In case it were such a problem, can I fix it by editing (in which way?) the corresponding column in the input .vcf file?
Based on the last lines of the log, it looks like the issue is that the chromosome names are not consistent between the reference genome and the gff. To double check this, on one side run samtools faidx on the fasta. The first two columns of the resulting fai file should have the chromosome names and lengths of the sequences in the fasta file. You can contrast this with the chromosome names and lengths of the header of the gff file. If headers are not present, you can check the chromosome names of the "gene", "mRNA" and "CDS" features.

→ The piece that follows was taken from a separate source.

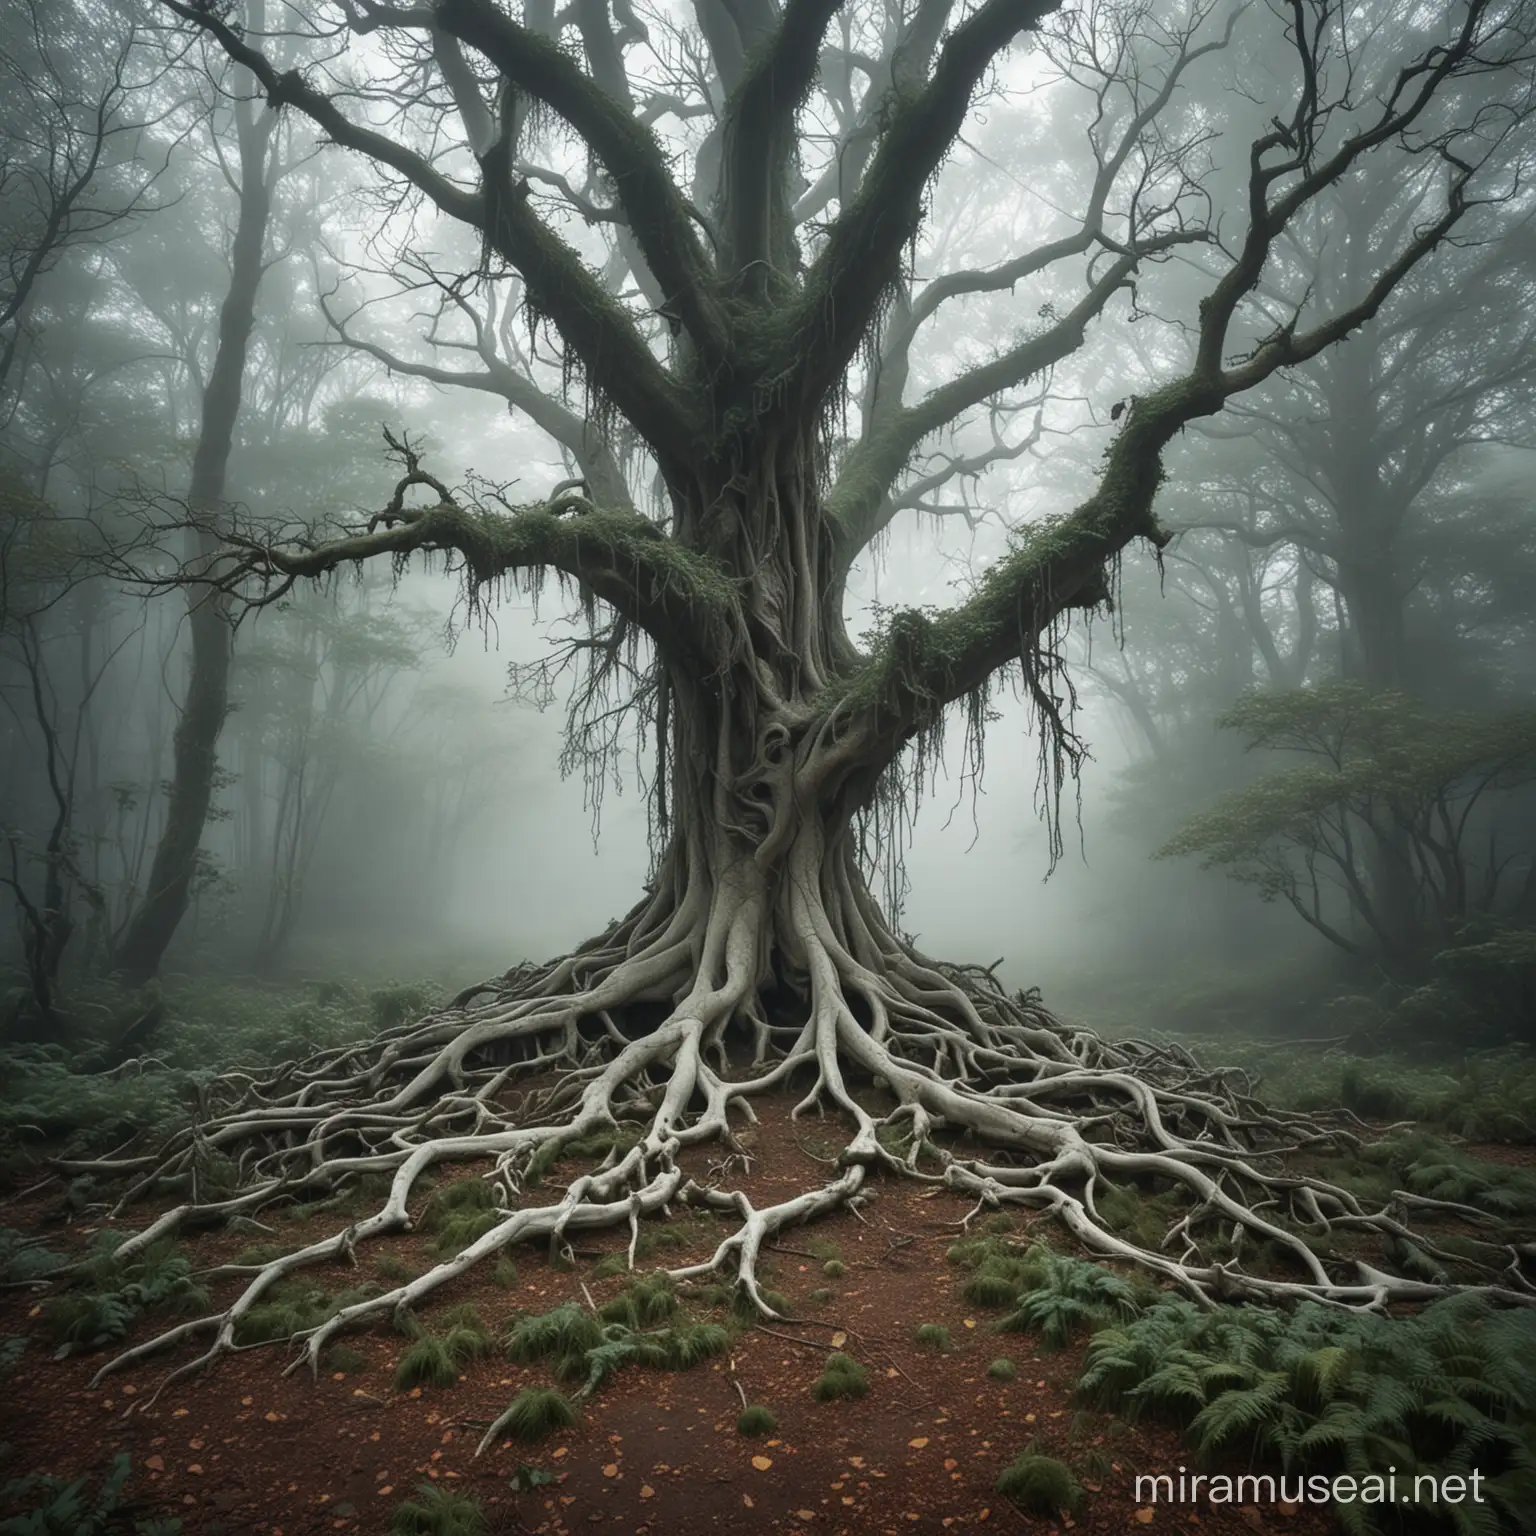 Enchanted Forest Ancient Tree with Intertwined Bones on Misty Morning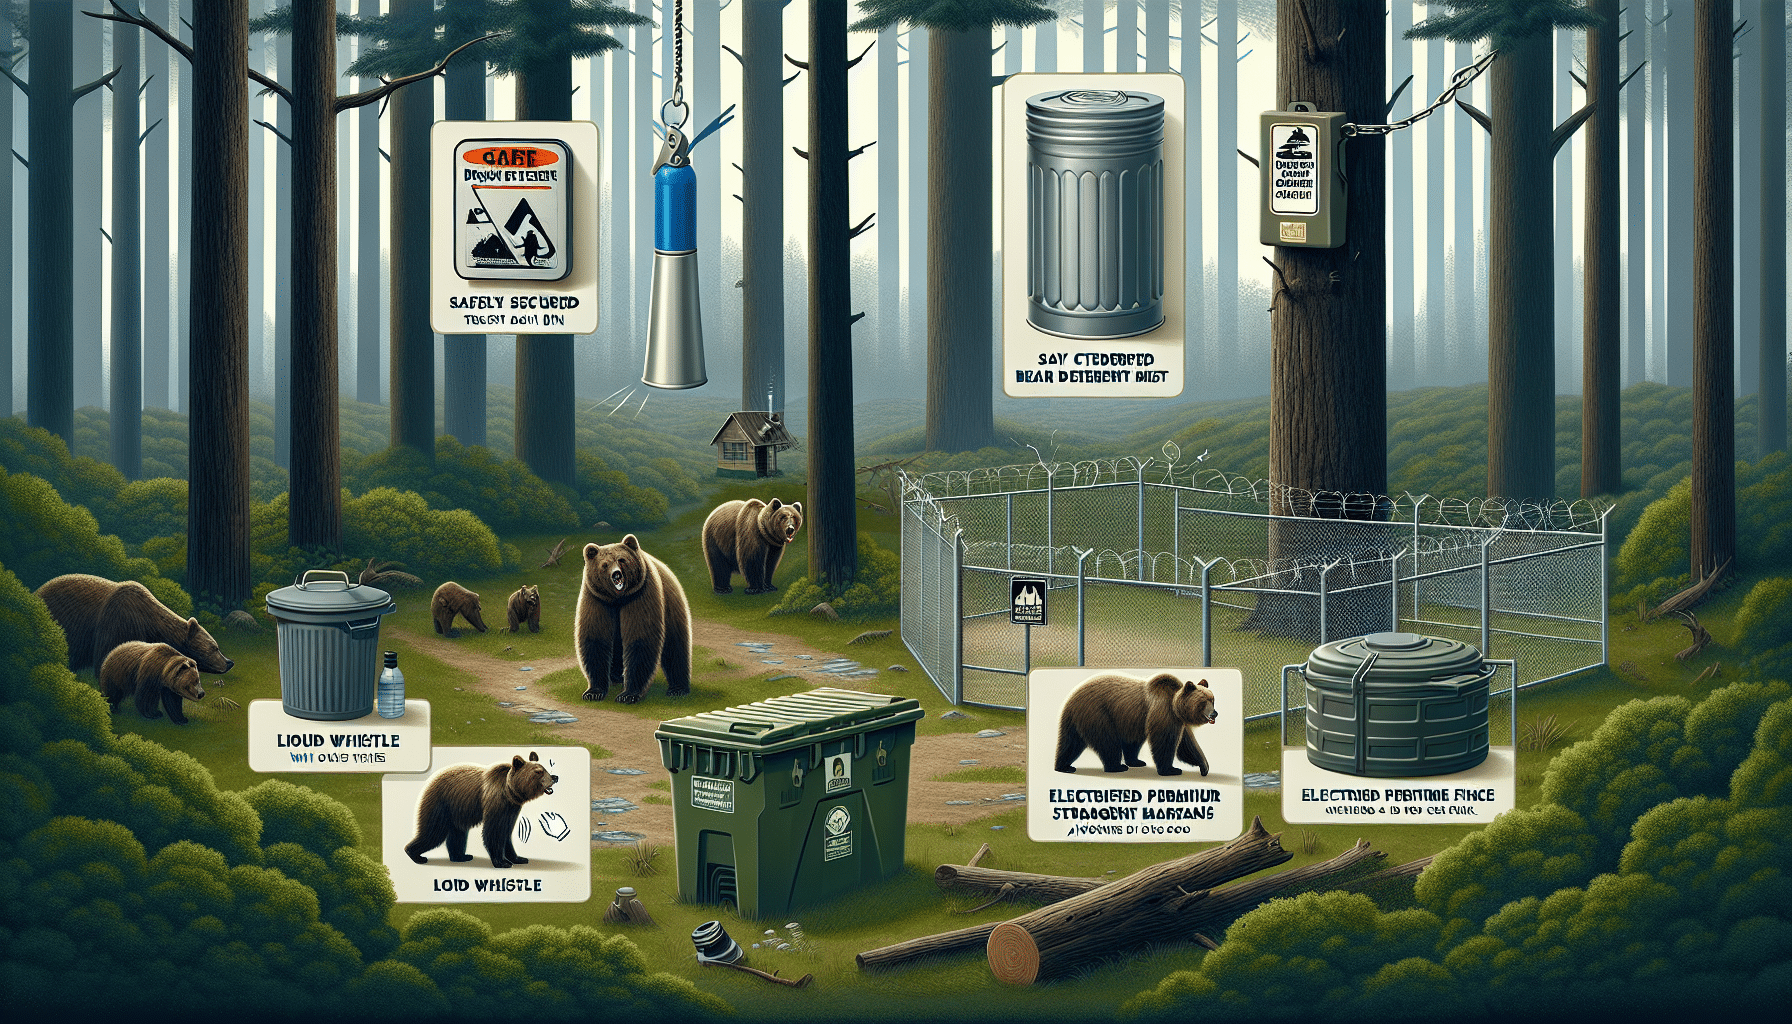 An educational visual about deterring brown bears without imposing harm. In a serene forest scene, several techniques are showcased: a safely secured trash bin with lock and lid, a spray canister of generic bear deterrent mist, a loud whistle hanging from a tree branch, electrified perimeter fence around the campsite and a bear-proof food storage container suspended between two trees. Everything is displayed in a clear way to allow viewers to understand their use and significance without any accompanying text or brand logos. There are no human figures or animals portrayed in the scene.

Since your VCF is probably consistent with the fasta, you need to either modify the gff to make it consistent or look for a different annotation gff with consistent chromosome names. In the first option you need to double check that the coordinates of the features are actually consistent. Otherwise, you will have bad annotations and protein predictions.
Let me know how things go
Jorge
If you would like to refer to this comment somewhere else in this project, copy and paste the following link:
Anonymous
Anonymous
-
2021-10-25
Hello Jorge,
I ran again the VCFAnnotate command using a .fasta reference file with chromosome filenames consistent with the .gff3 file which I edited as well entirely as for the chromosome codes.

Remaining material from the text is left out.